‘We could lose and entire year group’ says BASS

BASS News Release

“A cruel trick of nature threatens the first positive signs of a recovery in the recruitment of bass stocks” says John Leballeur, Chairman of the Bass Anglers’ Sportfishing Society’s Bass Restoration team.

“Following three disastrous years when bass recruitment seemed to be failing, 2008 saw the late arrival in shallow nursery areas of a year group that seemed to indicate better numbers of juveniles promising hope for the future.
But past experience has shown that entire juvenile year classes can be wiped out as they seek refuge and food in shallow nursery areas, when winter temperatures plummet below freezing, for any continuous period of  time. And we are seeing now for the first time in a decade or more, a sustained period of freezing temperatures cold enough to ice up sheltered harbours in the South-west.
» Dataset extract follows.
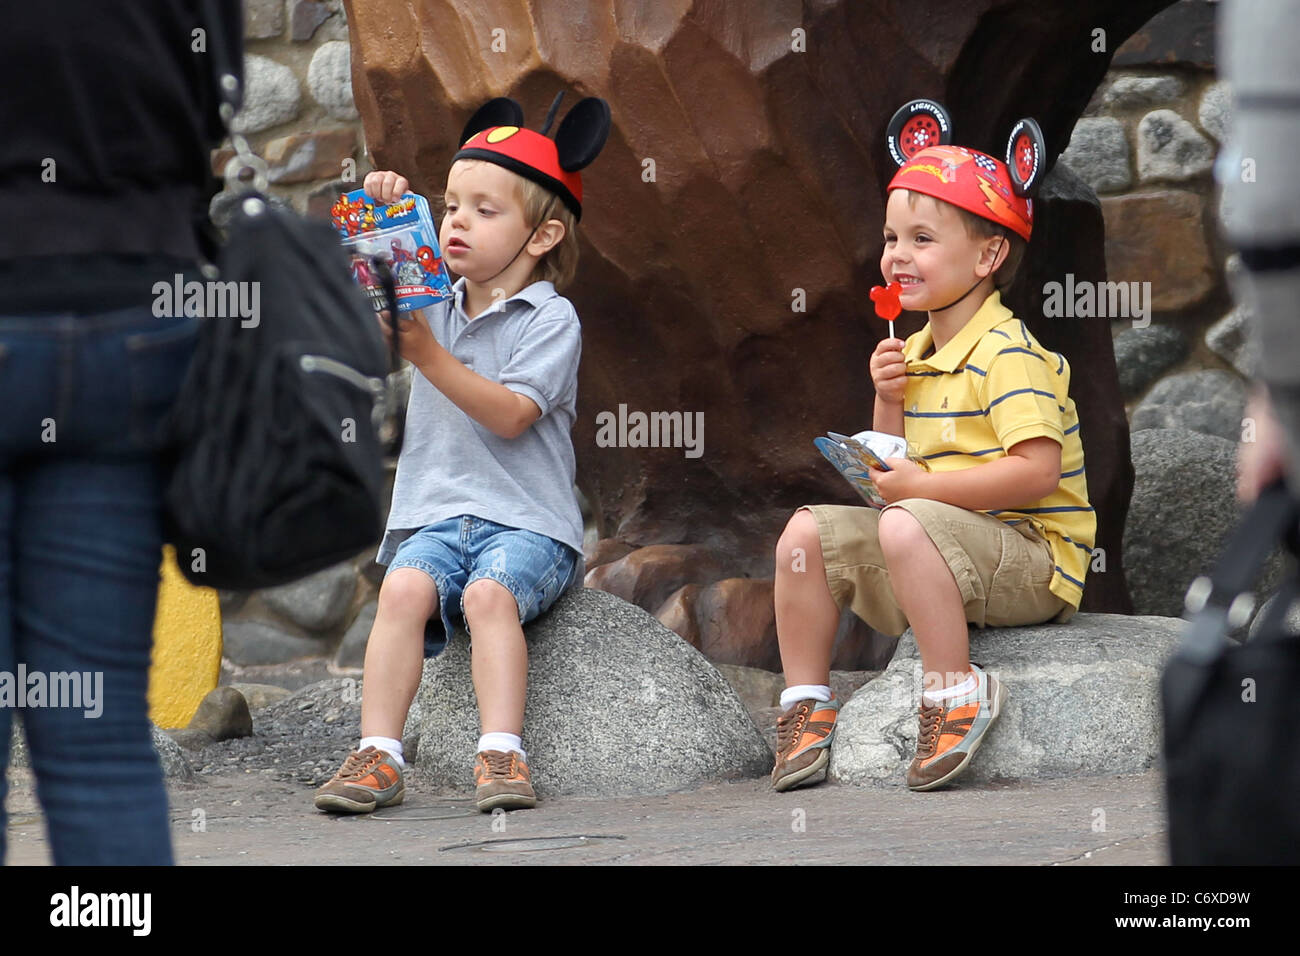 Britney spears's children Jayden james and Sean Preston spend the mothers day weekend together at Disney Land. The kids are Stock Photo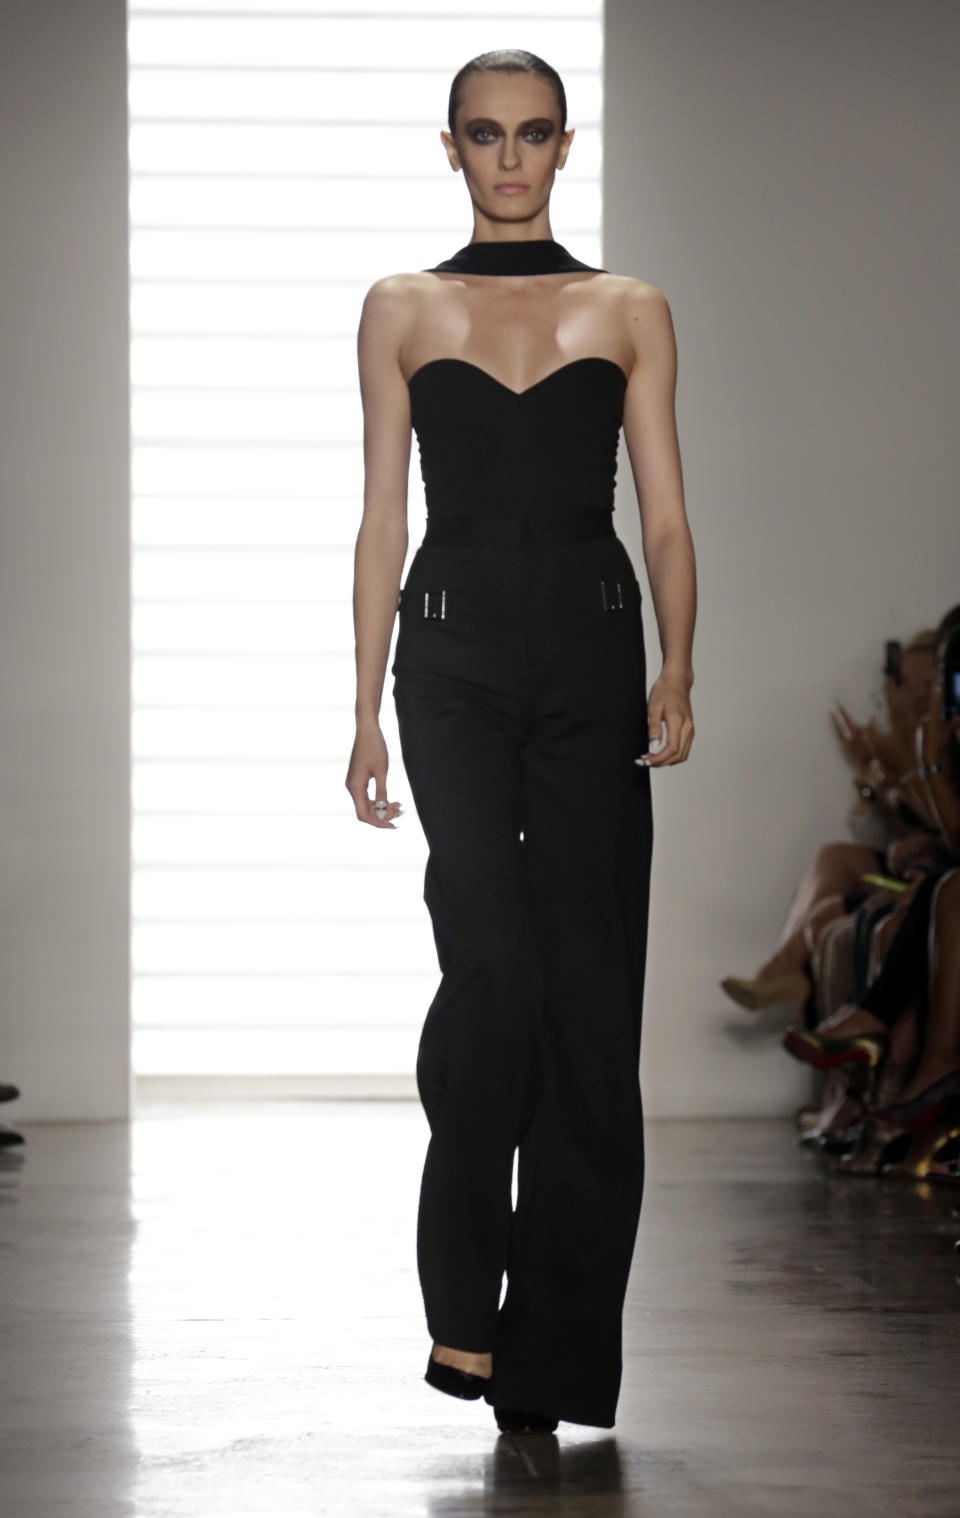 The Cushnie et Ochs Spring 2014 collection is modeled during Fashion Week in New York, Friday, Sept. 6, 2013. (AP Photo/Richard Drew)

This could decimate that 2008 year class which is now so vulnerable to this bitter winter”

And with such poor recruitment for the previous three years, the signs are that bass could become much rarer in our inshore waters.

That would not only impact on the future commercial fishery, but could devastate the extremely valuable recreational bass fishery, said to be worth some £100 million to the coastal economy.

Already bass are being heavily exploited by commercial fishermen because bass is a non-quota species, and with ever tightening enforcement of fishing for quota species, more fishermen and boats are turning to bass to maintain their profitability.

“We are heartsick at what we see unfolding before us” said John Leballeur who is calling upon DEFRA to act quickly to protect remaining bass stocks, and to ensure that the Marine Fisheries Agency and the Sea Fisheries Committees are given adequate resources to properly enforce existing protection measures for bass.

“If we do lose this year group to the cold, following the previous three years of recruitment failure, it will be a tragedy, not just for commercial fishermen and anglers, but for many businesses and livelihoods dependent upon the bass fishery.

The time to act is now, before it is too late.